30. The process of claim 24 wherein the crosslinked network of polymers is selected from a vinyl polymer, an acrylate polymer, melamine-formaldehyde, urea formaldehyde, amine-containing polymer, amine-generating polymer, aminoplasts, aldehydes, dialdehydes, active oxygen, poly-substituted carboxylic acids and derivatives, inorganic crosslinkers, organics capable of forming azo, azoxy and hydrazo bonds, lactones and lactams, thionyl chloride, phosgene, tannin/tannic acid, polyphenols, free radical crosslinkers, sodium persulfate, azoisobutylnitrile (AIBN) and mixtures thereof.

31. The process of claim 30 wherein the crosslinked network of polymers comprises a melamine-formaldehyde:acrylamide-acrylic acid copolymer wherein the mole ratio is in the range of from 9:1 to 1:9.

32. The process of claim 31 wherein the mole ratio of melamine-formaldehyde:acrylamide-acrylic acid copolymer is in the range of from 5:1 to 1:5.

33. The process of claim 31 wherein the mole ratio of melamine-formaldehyde:acrylamide-acrylic acid copolymer is in the range of from 2:1 to 1:2.

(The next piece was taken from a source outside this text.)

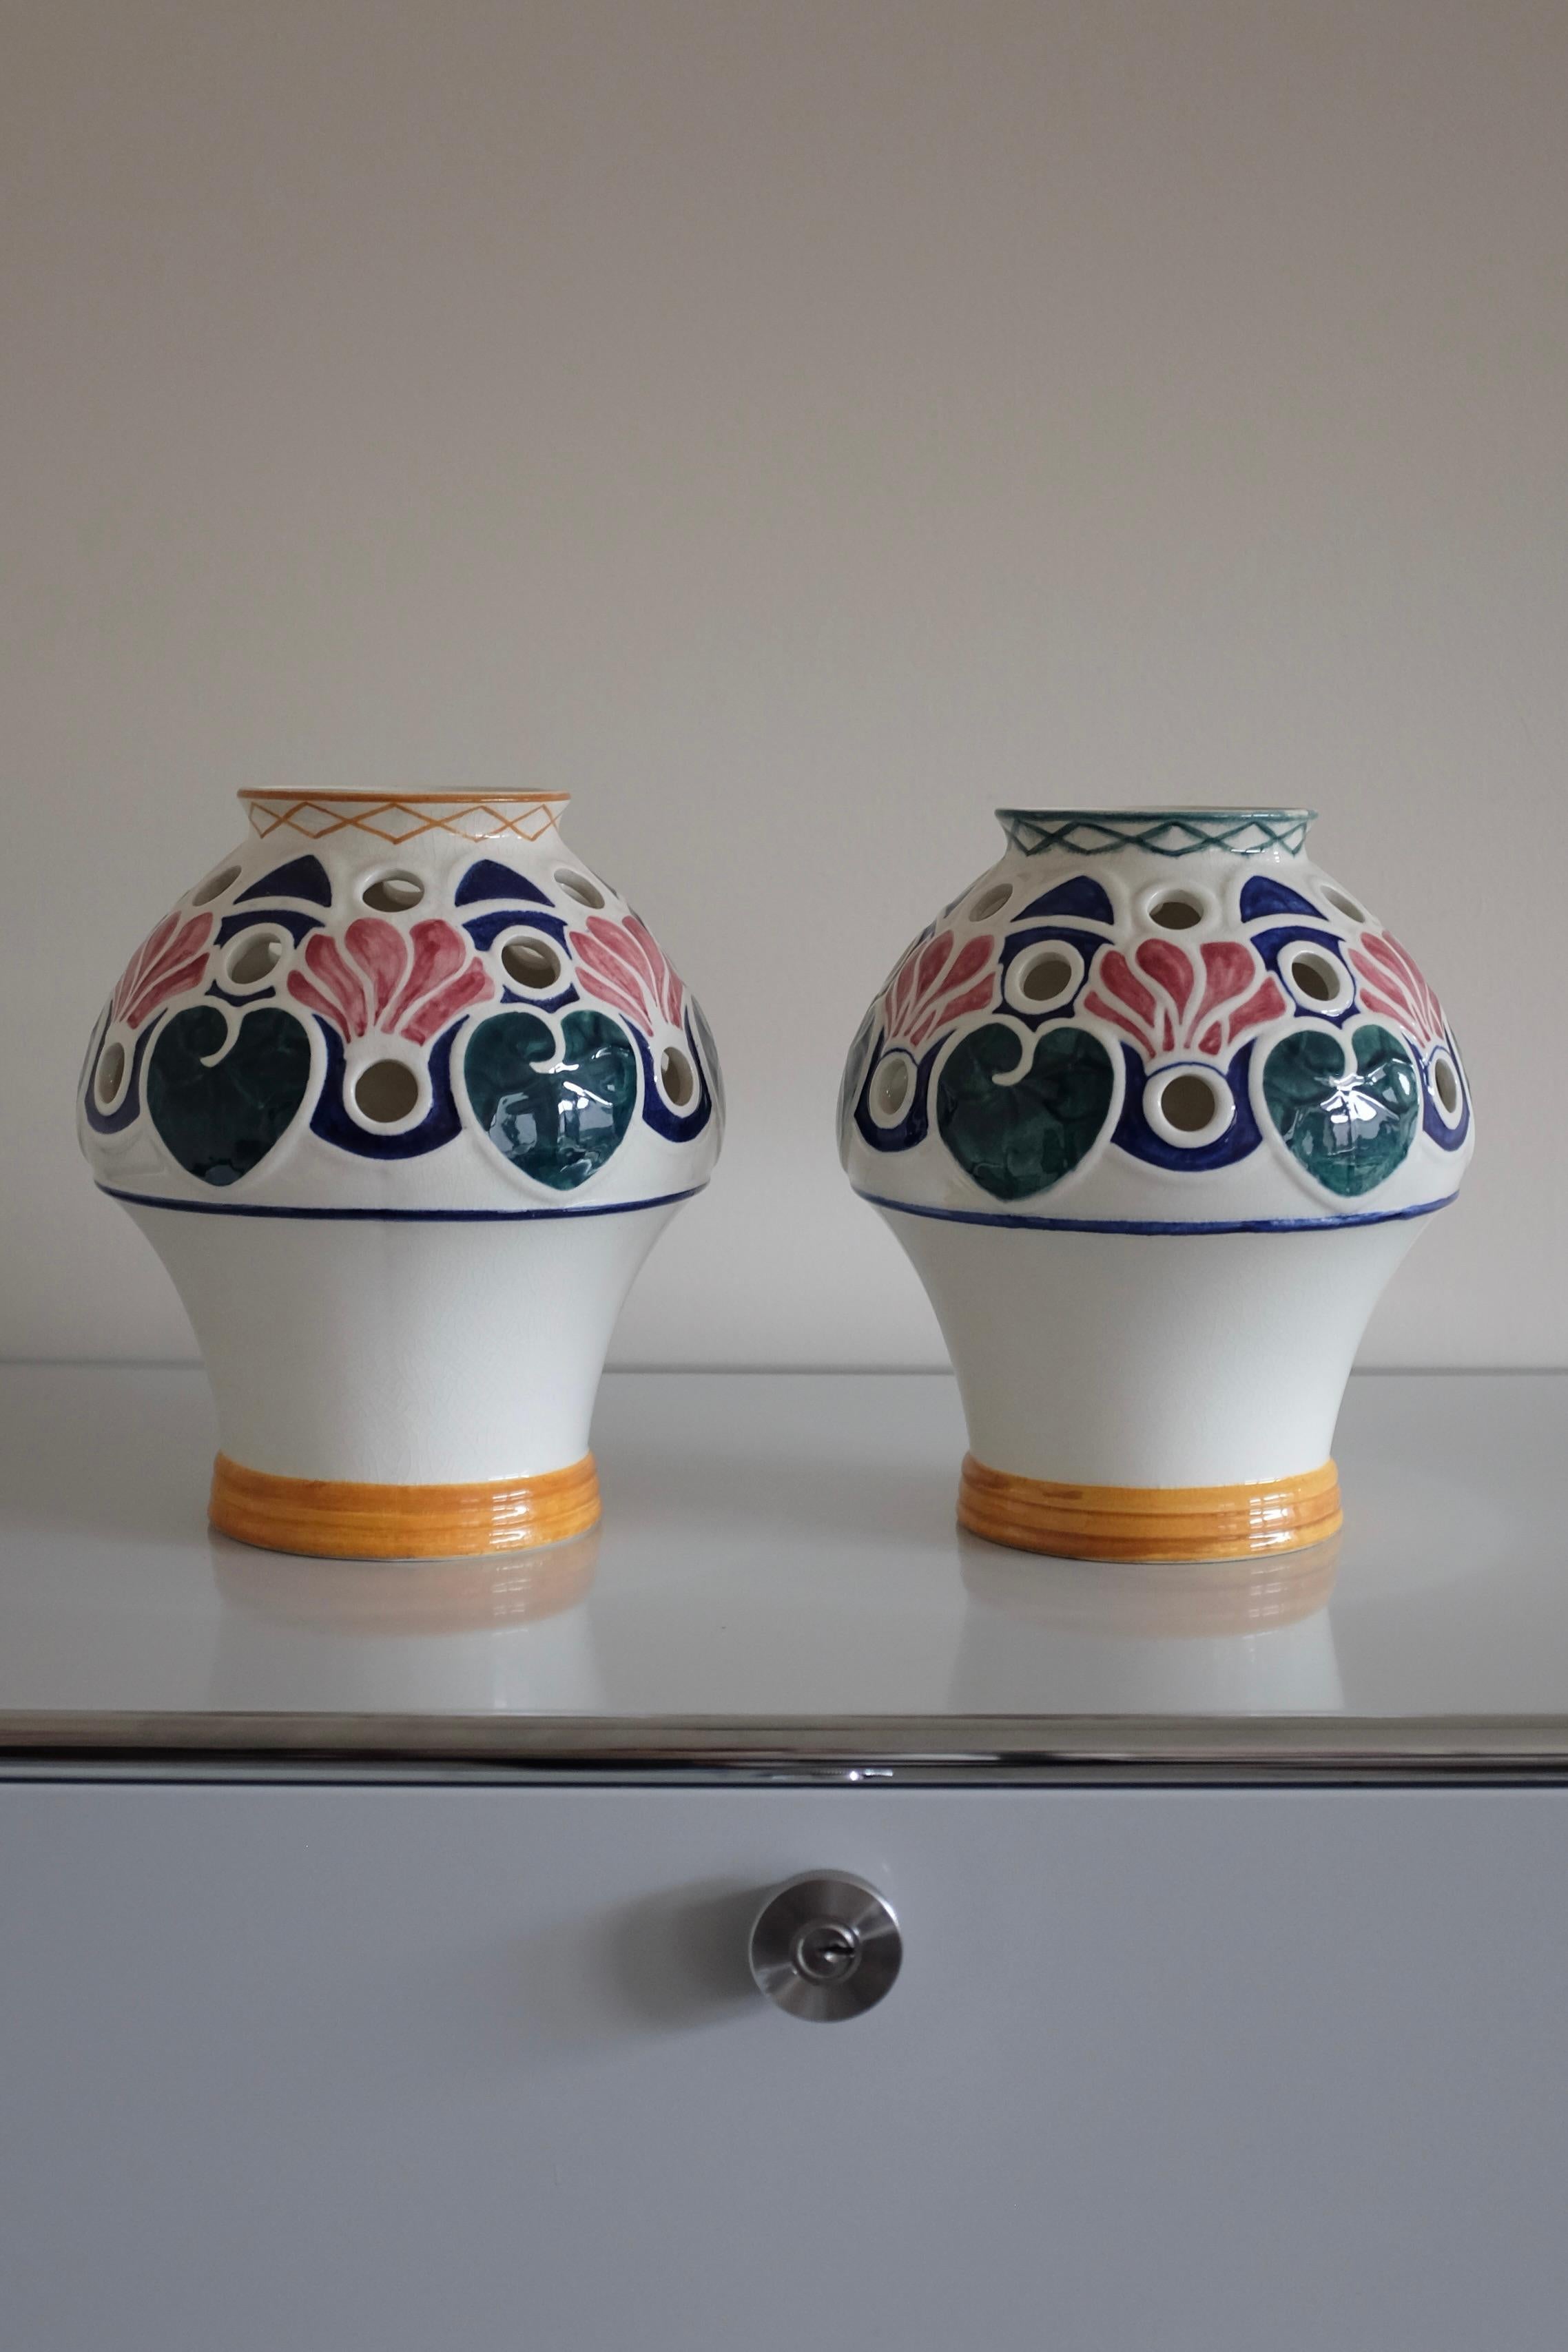 Superbe et rare ensemble de vases du début du 20e siècle par le designer suédois Alf Wallander pour Rörstrand. Comme beaucoup de pièces en céramique d'Alf Wallanders, ces vases sont ornés d'un motif floral inspiré de l'art nouveau, dans des couleurs

34. The process of claim 24 wherein the optional functional additive is a cationic polymer as the capsule deposition aid selected from polysaccharides, cationically modified starch and cationically modified guar, polysiloxanes, poly diallyl dimethyl ammonium halides, copolymers of poly diallyl dimethyl ammonium chloride and vinyl pyrrolidone, acrylamides, imidazoles, imidazolinium halides and imidazolium halides and poly vinyl amine and its copolymers with N-vinyl formamide, cationic amino resins, cationic urea resins, hydrophobic quaternary amines and mixtures thereof.